Ready for the next step

jiyue1214 commented 3 weeks ago

There are three different data content and each type needs a corresponding JSON file : MVP_1: 2 SNP_ID chrom pos ref alt ea af num_samples beta sebeta pval q_pval i2 direction MVP_2: 836 SNP_ID chrom pos ref alt ea af num_samples beta sebeta pval r2 q_pval i2 direction MVP_3: 5184 SNP_ID chrom pos ref alt ea af num_samples case_af num_cases control_af num_controls or ci pval r2 q_pval i2 direction

Example of each type: MVP_1: MVP_R4.1000G_AGR.GIA.Labs_batch1/MVP_R4.1000G_AGR.Albumin_Mean_INT.META.GIA.dbGaP.txt.gz MVP_2: MVP_R4.1000G_AGR.GIA.Labs_batch1/MVP_R4.1000G_AGR.A1C_Max_INT.AFR.GIA.dbGaP.txt.gz MVP_3: MVP_R4.1000G_AGR.GIA.PheCodes_CirculatorySystem_batch1/MVP_R4.1000G_AGR.Phe_394.AFR.GIA.dbGaP.txt.gz

MVP3 does not have standerror, and cannot pass validation. For the MVP3, we can submit via our system and they will be labelled as non-GWAS-SSF and need to change them as pre-GWAS-SSF later for harmonisation.

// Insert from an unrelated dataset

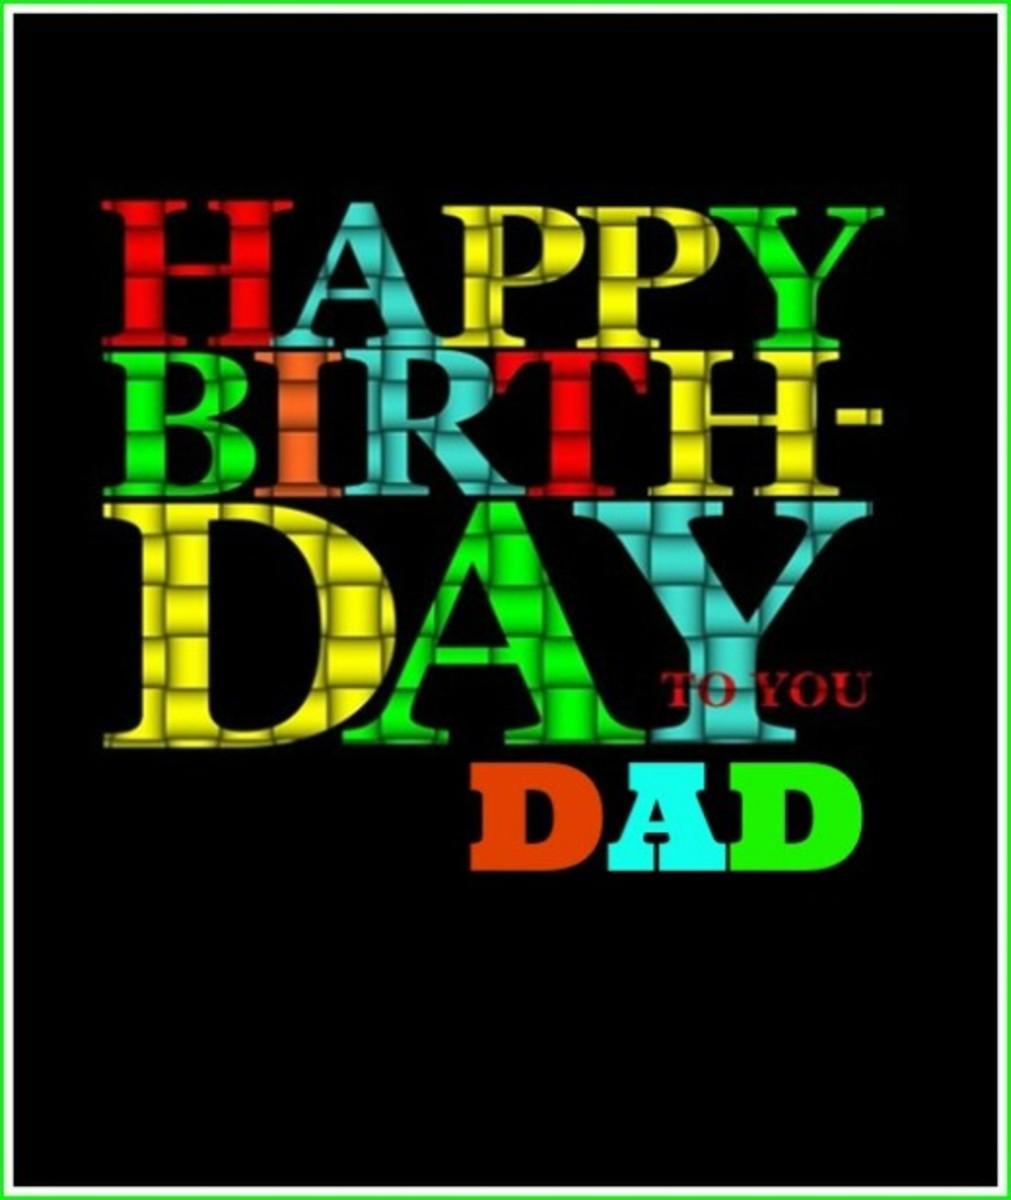 Happy Birthday Dad Greeting

jiyue1214 commented 3 weeks ago

MVP data have another issue, some base_pair_location values are missing, however, they have rsid, which can still be harmonised, but will not pass the validation.

Start formatting the data.

ljwh2 commented 1 week ago

@Santhi1901 will do the curation for the paper

jiyue1214 commented 4 days ago

Here is the information Santhi curated: https://docs.google.com/spreadsheets/d/1Ny9krC0rKF7KacVzobA_MGXLuW-e6vwR/edit?gid=1487741722#gid=1487741722

Here is the data overlapped between Santhi curated from publication and yue downloaded from FTP: https://docs.google.com/spreadsheets/d/1as93o8CfnwDMrHbB1Vv6YvyRYOCaqA2xWj_Yp5NkX48/edit?gid=0#gid=0

There are 4332/6023 studies overlapped.

Each study on FTP also has a metadata.txt file; we need to work together to get this information.

Santhi1901 commented 2 days ago

@jiyue1214. I've now added the meta-analysis result, and it looks like all the MVP data were added. For ease of checking, I placed the information here: https://docs.google.com/spreadsheets/d/1bfqExnmb_qktA-o3lYu3BtXPPfYMSfEpAuHI2uEwFFo/edit?gid=2036037118#gid=2036037118.

Please check and let me know if anything needs to be changed.

I also need to request EFO for some traits that have matched the parent trait for now.